▶ Problem to solve
Please write out the listing exactly, leaving each picture out.

#### Available data ####

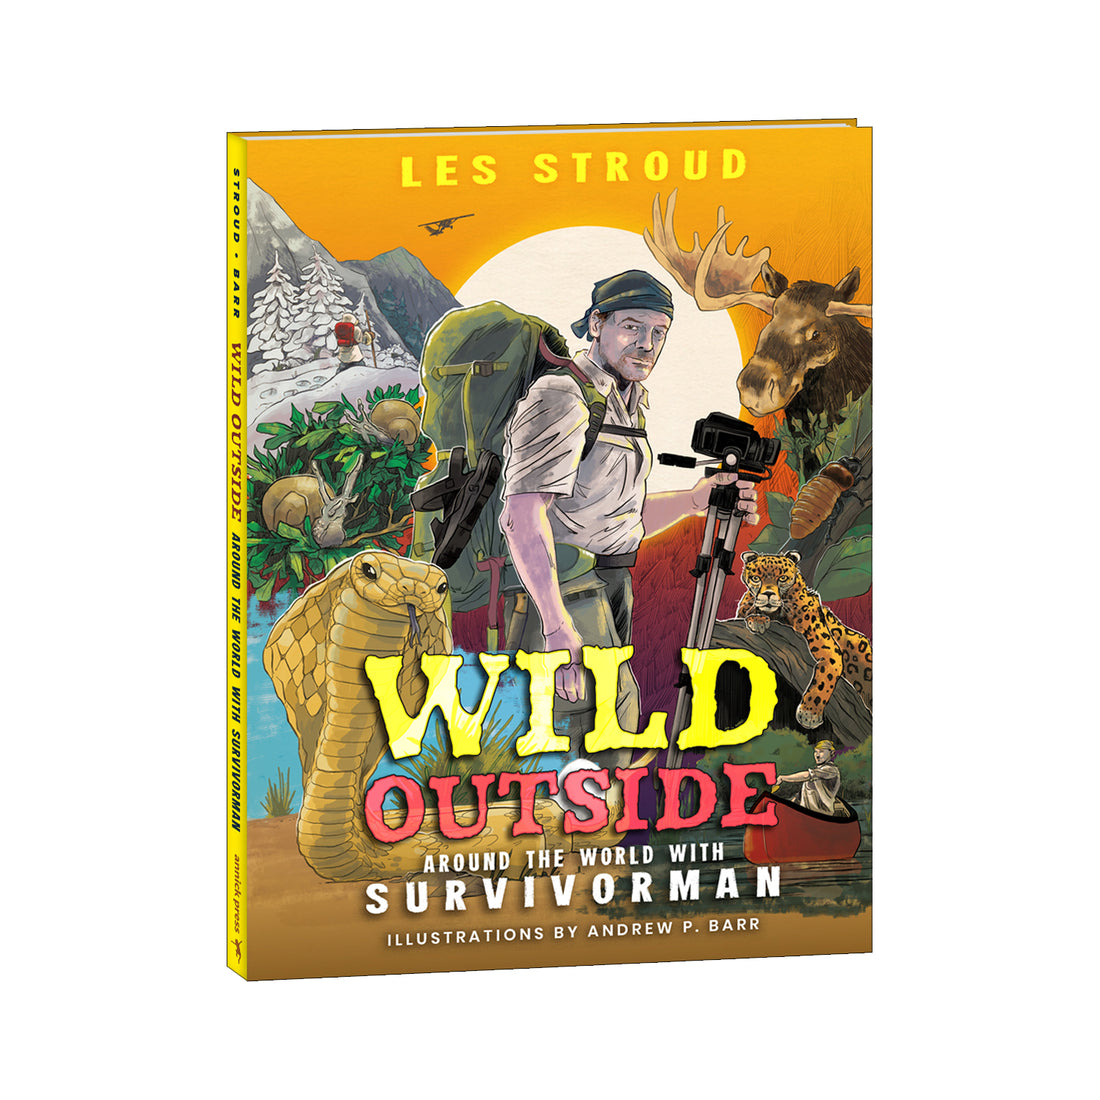 Survivorman - WILD OUTSIDE - Around the World with Survivorman - Book
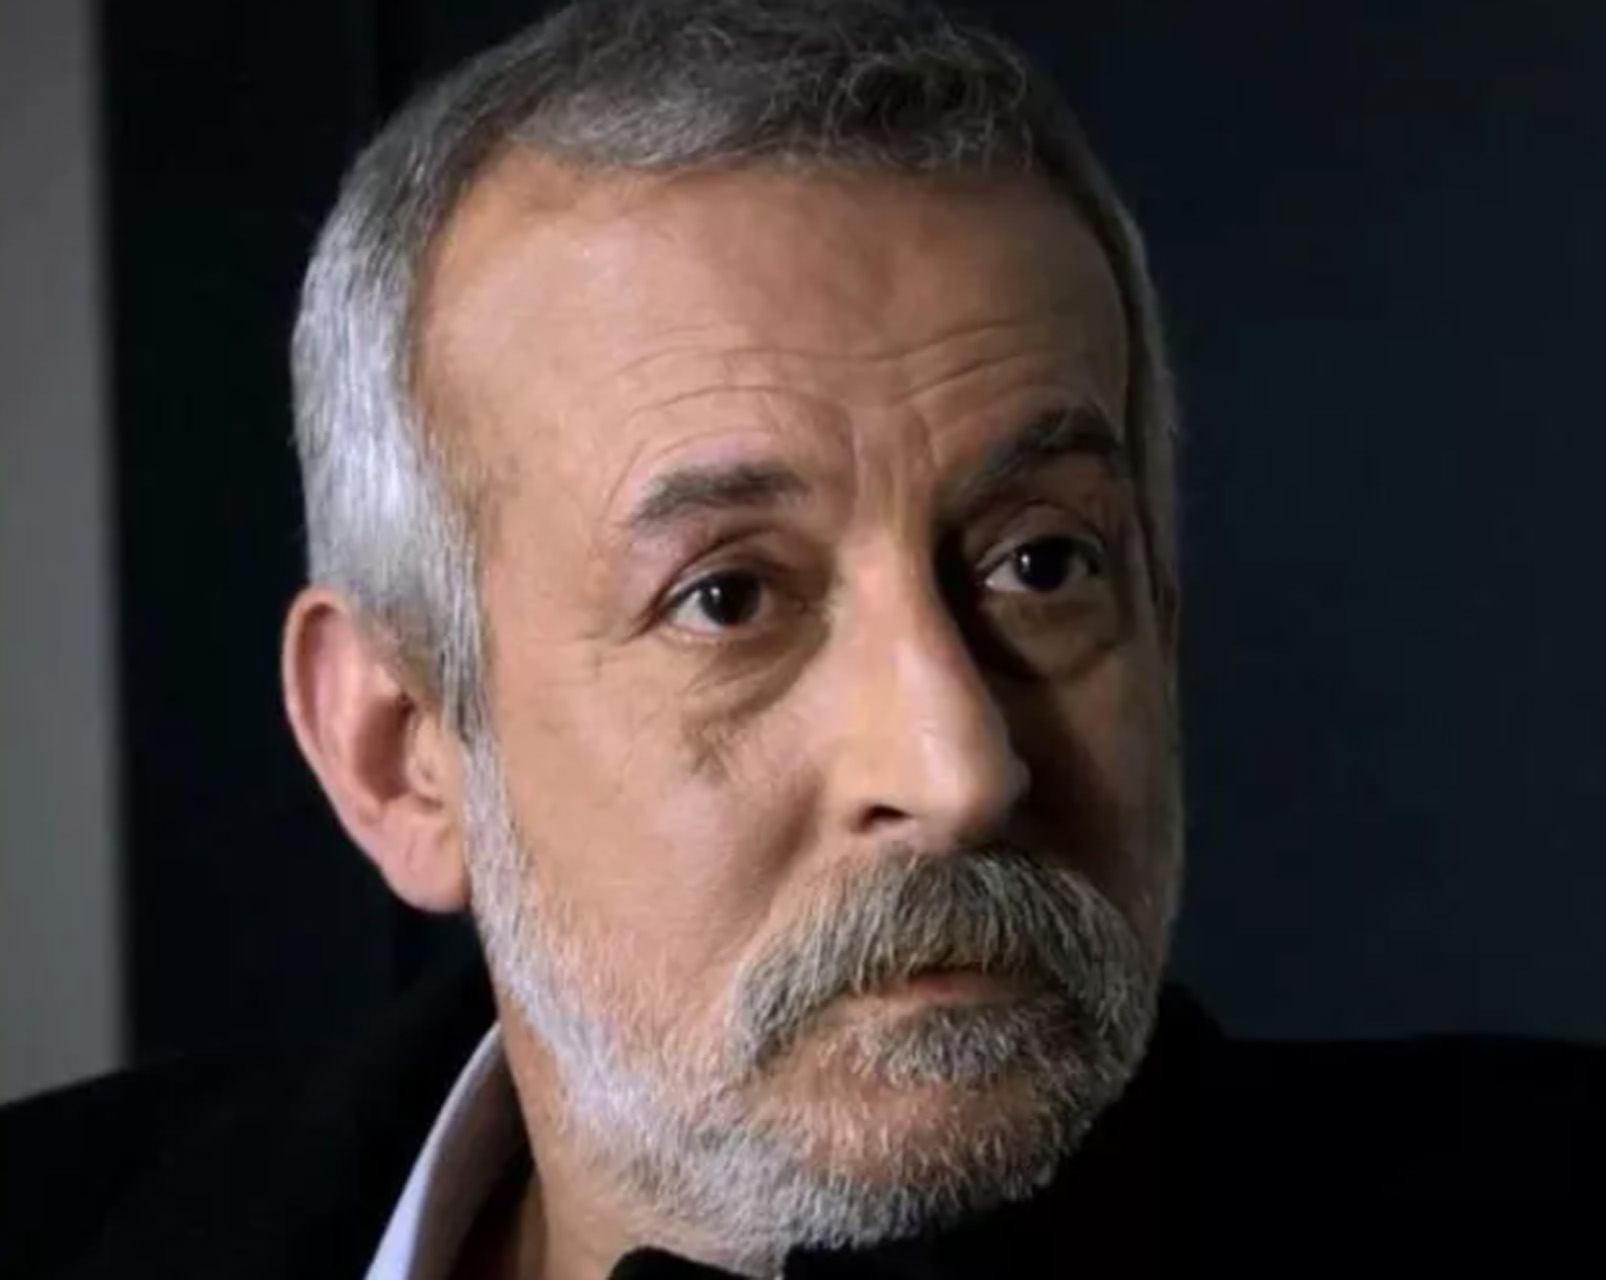 Kurtlar Vadisi oyuncusu İbrahim Gündoğan kimdir? İbrahim Gündoğan öldü mü? Kaç yaşında, neden öldü?
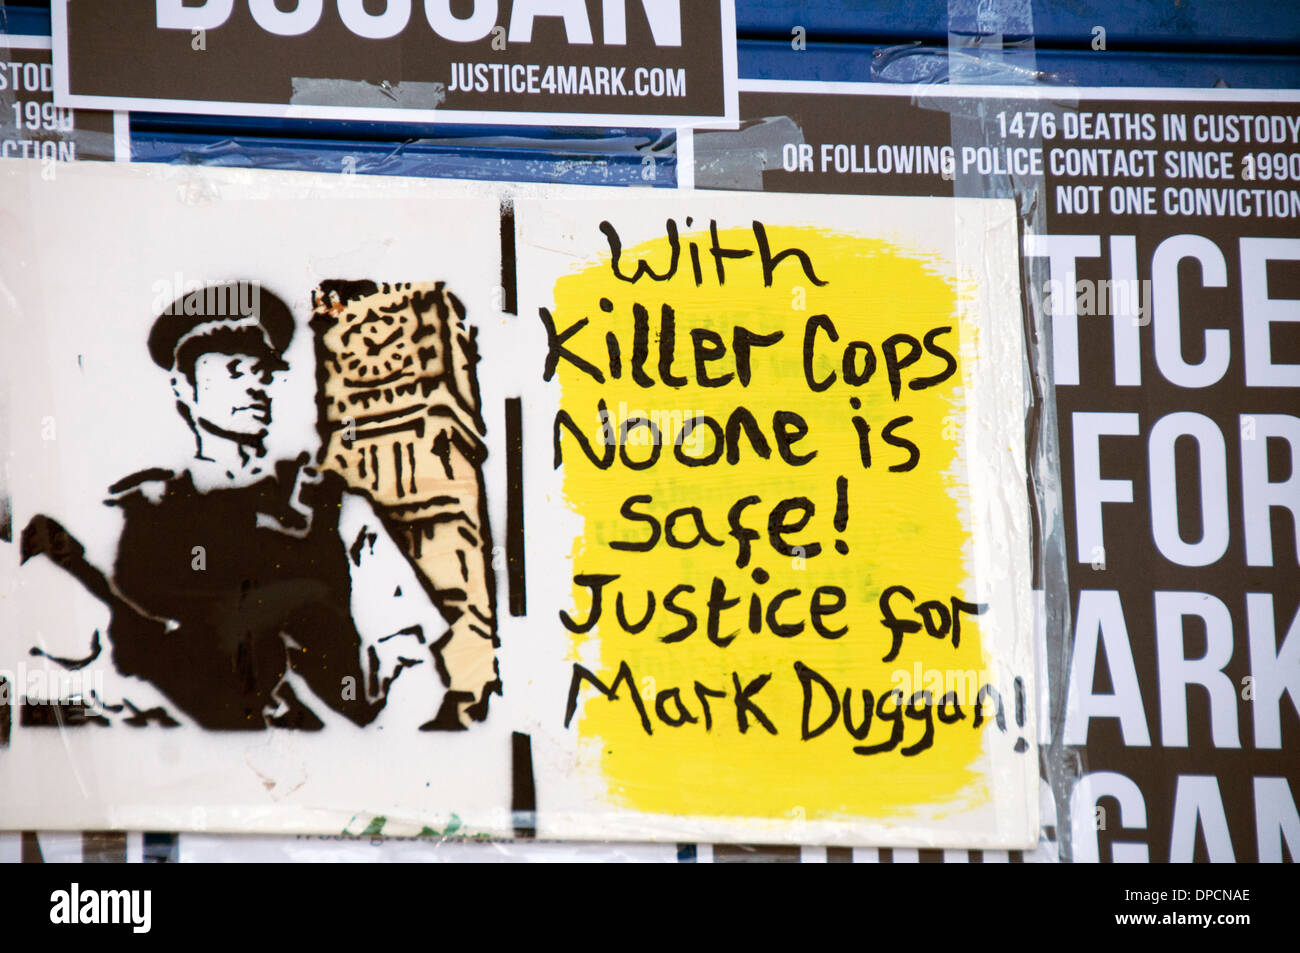 Une veille pour Mark Duggan, tué par un agent de police 2011 enquête suivant jugement du 11 janvier 2014 homicide légal Tottenham Londres Banque D'Images

####

▶ Solution
 Survivorman - WILD OUTSIDE - Around the World with Survivorman - Book
 Kurtlar Vadisi oyuncusu İbrahim Gündoğan kimdir? İbrahim Gündoğan öldü mü? Kaç yaşında, neden öldü?
 Une veille pour Mark Duggan, tué par un agent de police 2011 enquête suivant jugement du 11 janvier 2014 homicide légal Tottenham Londres Banque D'Images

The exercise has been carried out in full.